Running the interpolation on your dataset produces:

>>> n = [(54.5, 17.041667, 31.993),
         (54.5, 17.083333, 31.911),
         (54.458333, 17.041667, 31.945),
         (54.458333, 17.083333, 31.866),
    ]
>>> bilinear_interpolation(54.4786674627, 17.0470721369, n)
31.95798688313631

Not sure if this helps much, but I get a different value when doing linear interpolation using scipy:

>>> import numpy as np
>>> from scipy.interpolate import griddata
>>> n = np.array([(54.5, 17.041667, 31.993),
                  (54.5, 17.083333, 31.911),
                  (54.458333, 17.041667, 31.945),
                  (54.458333, 17.083333, 31.866)])
>>> griddata(n[:,0:2], n[:,2], [(54.4786674627, 17.0470721369)], method='linear')
array([ 31.95817681])

Inspired from here, I came up with the following snippet. The API is optimized for reusing a lot of times the same table:

from bisect import bisect_left

class BilinearInterpolation(object):
    """ Bilinear interpolation. """
    def __init__(self, x_index, y_index, values):
        self.x_index = x_index
        self.y_index = y_index
        self.values = values

    def __call__(self, x, y):
        # local lookups
        x_index, y_index, values = self.x_index, self.y_index, self.values

        i = bisect_left(x_index, x) - 1
        j = bisect_left(y_index, y) - 1

        x1, x2 = x_index[i:i + 2]
        y1, y2 = y_index[j:j + 2]
        z11, z12 = values[j][i:i + 2]
        z21, z22 = values[j + 1][i:i + 2]
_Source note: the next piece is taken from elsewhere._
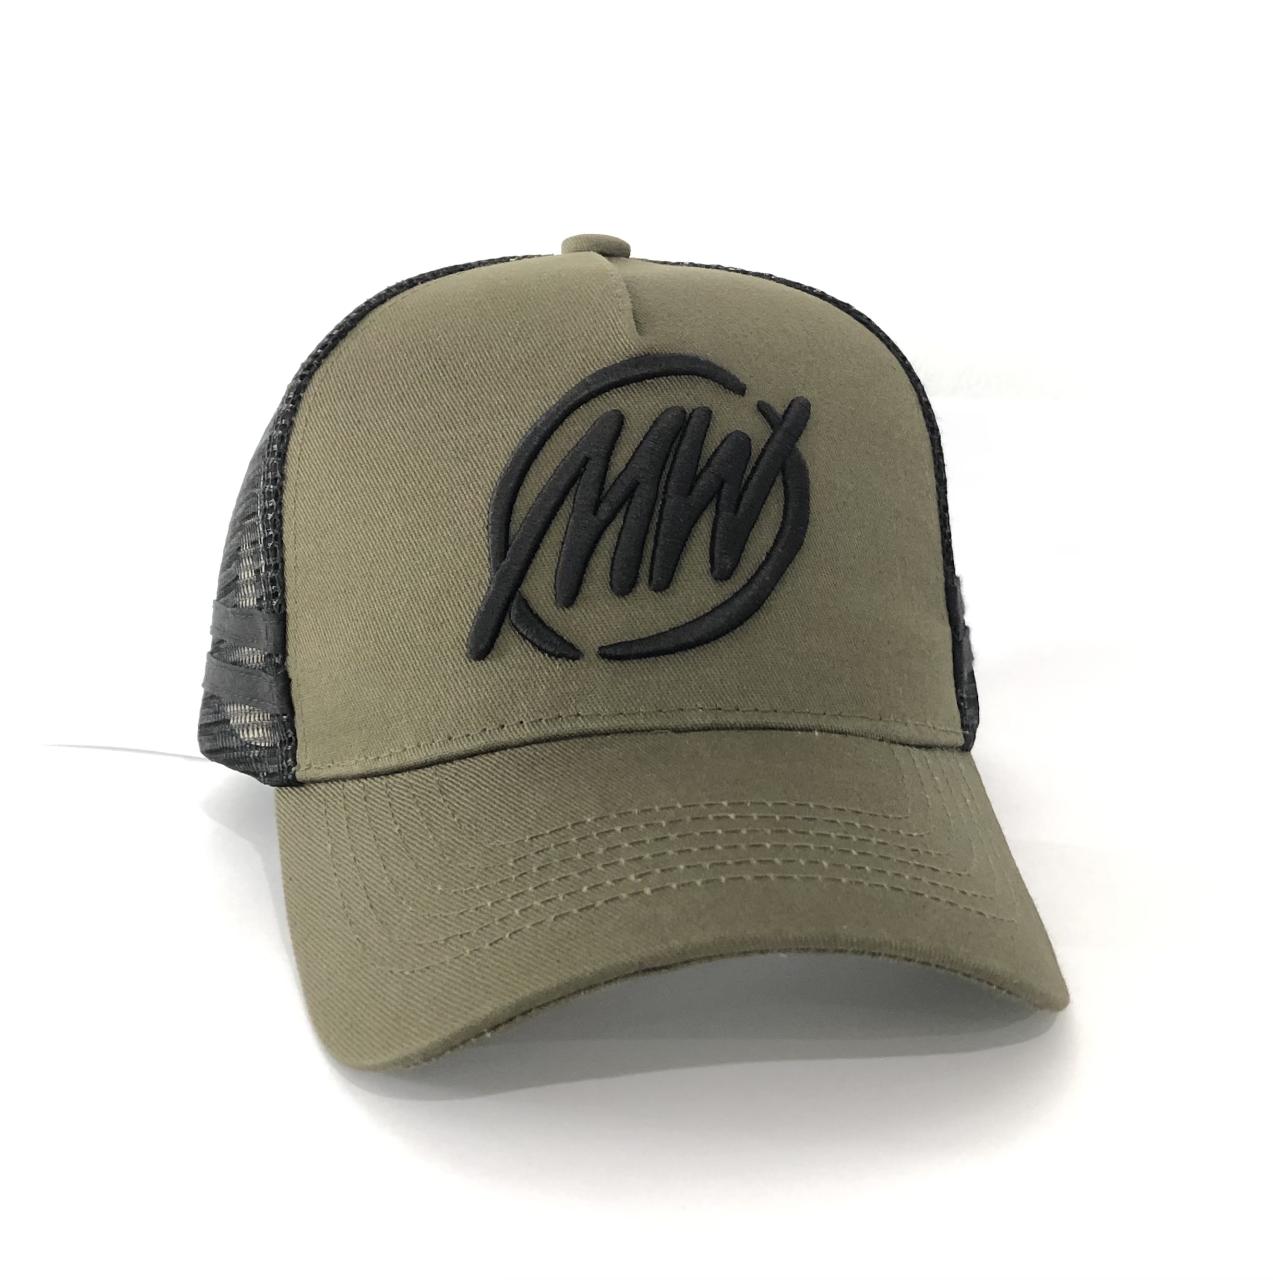 Matt Wright Olive Trucker Cap

        return (z11 * (x2 - x) * (y2 - y) +
                z21 * (x - x1) * (y2 - y) +
                z12 * (x2 - x) * (y - y1) +
                z22 * (x - x1) * (y - y1)) / ((x2 - x1) * (y2 - y1))

You can use it like this:

table = BilinearInterpolation(
    x_index=(54.458333, 54.5), 
    y_index=(17.041667, 17.083333), 
    values=((31.945, 31.866), (31.993, 31.911))
)

print(table(54.4786674627, 17.0470721369))
# 31.957986883136307

This version has no error checking and you will run into trouble if you try to use it at the boundaries of the indexes (or beyond). For the full version of the code, including error checking and optional extrapolation, look here.


You can also refer to the interp function in matplotlib.